Here’s a test of Alder Pollen. And you see the they stored plenty of it. And here is a Negative Control, this colony is down to one and a half [1 ½] frames of bees, and look at what, you tell me whether Alder Pollen is nutritious or not?
We finally graded all the hives at Almond Bloom; you can see the trees blooming right in here. And here’s the Pre Distribution right here. Of the Natural Pollen Group, the red line in the middle, that was your Average Strength for all the hundred and whatever colonies there were in the Trial. Every one in the Natural Pollen Fed ones were at Average Strength or above. In the Negative Controls every one was an Average Strength or below. The chance of that happening by chance is one in less than ten thousand [10,000]. So that validated the experiment of design, so I was really happy about that.
Cause I was wondering. Here was the Final Results, and these are on my website. We’ve only got about a minute left. I want to show you one last thing here. Look right here, this is Natural Pollen. Oh, and by the time, when the Alder came in, all the colonies took off. So, the only results that were of value were here. But look at what the Negative Controls did, they did went downhill. The Alder came in, it took an almost a month to recover. And they they just started growing like crazy.
Of the Zero of the colonies Negative Controls made it to grade for Almonds. Of the top ones, seventeen [17] out of eighteen [18] mad it to Almonds. It was a huge difference. But what I want to see, these two [2] right here, these two [2] products took off like gang busters early on, and then crashed later on. There was apparently some [Inaudible] in the nutrient. The bees benefited from all the Protein initially.
But after, okay, this is Liebig’s Law right here.
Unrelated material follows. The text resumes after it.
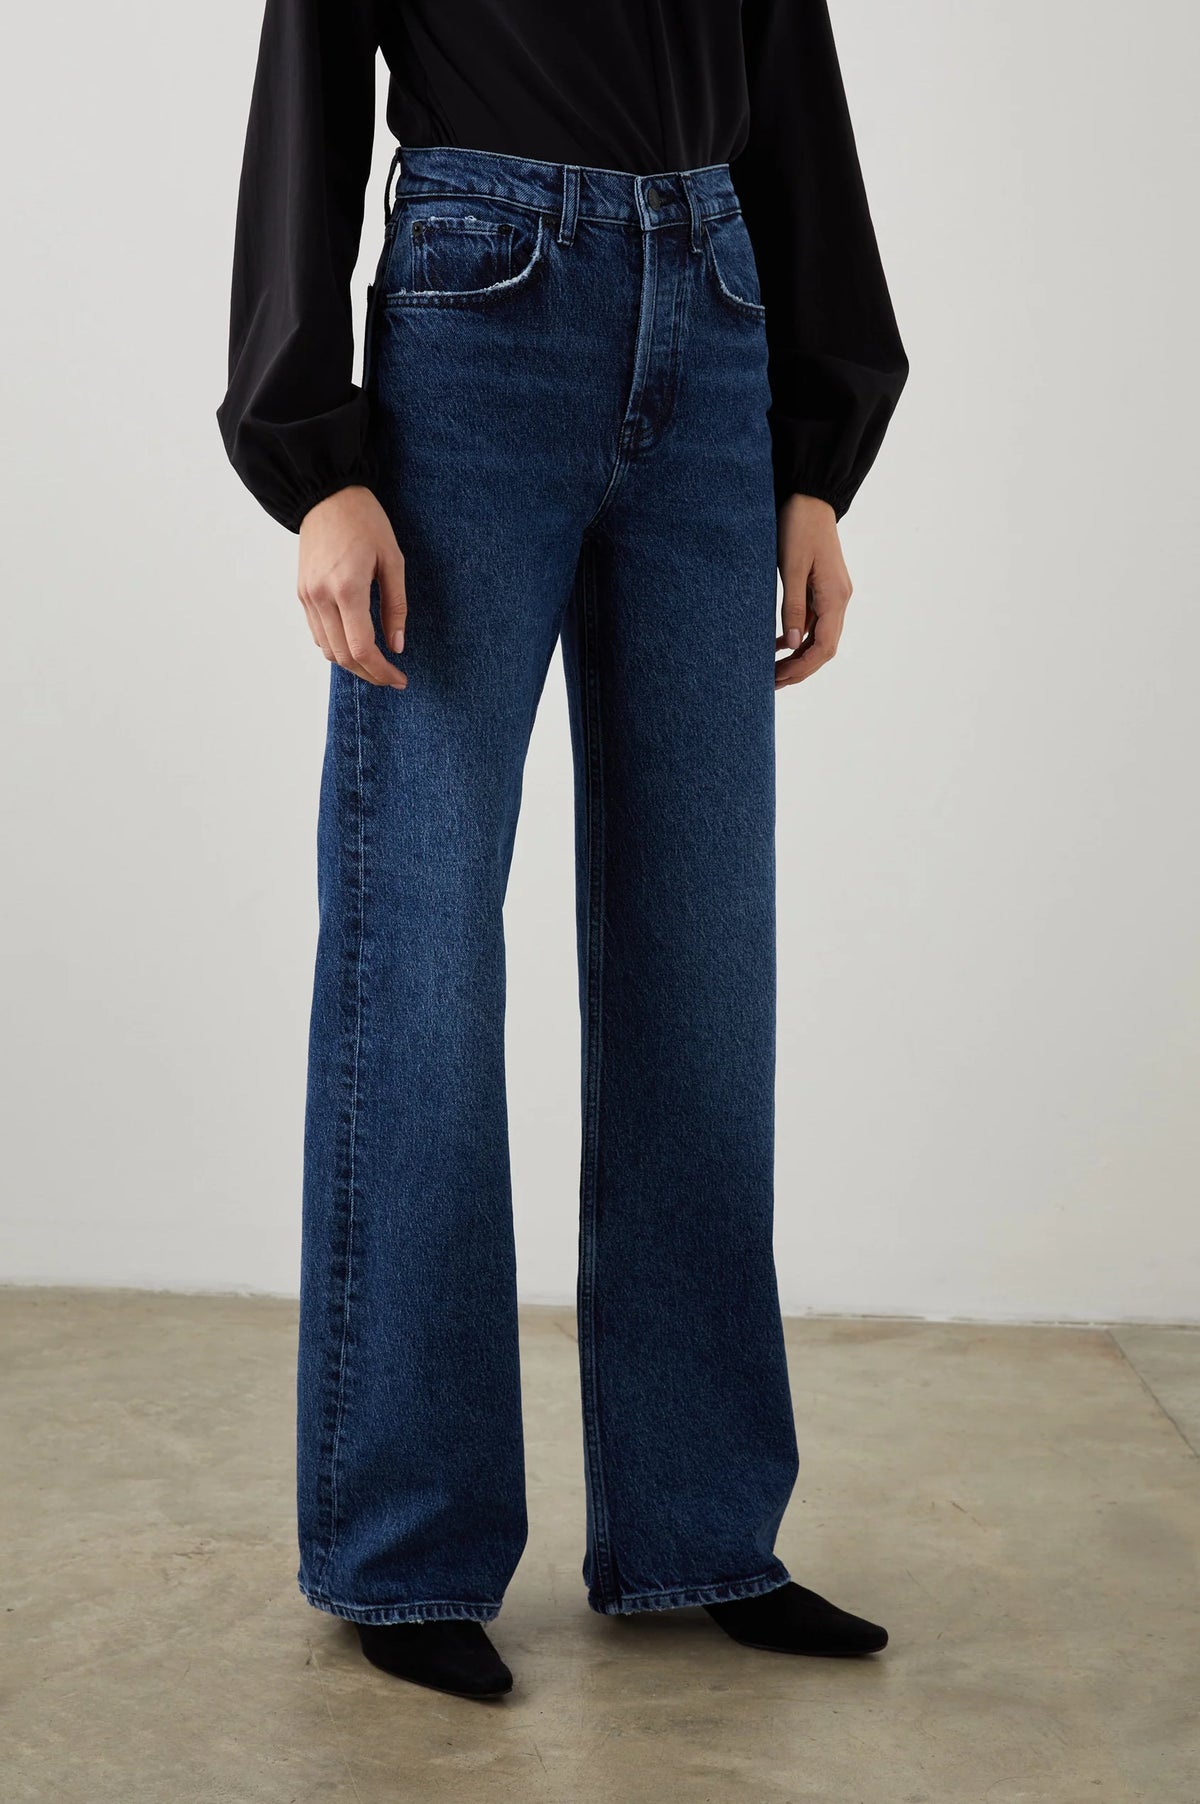 Wide leg blue jeans with a high waist

Limiting Nutrients: Liebig’s Law
That the Growth of plants or animals are limited by the One Limiting Nutrient. Once you supply that, then they’ll be up to the next Limiting Nutrient. So, something happened here, that all that Protein allowed these colonies just to take off. But when they ran out of the one Limiting Nutrient that Natural Pollen had, they went down below quite a bit from the Natural Pollen.
So, even though these, so for Short Term Feeding these are probably really good Pollen Subs. Cause you would not be able to keep bees alive indefinitely on them, because of that lack.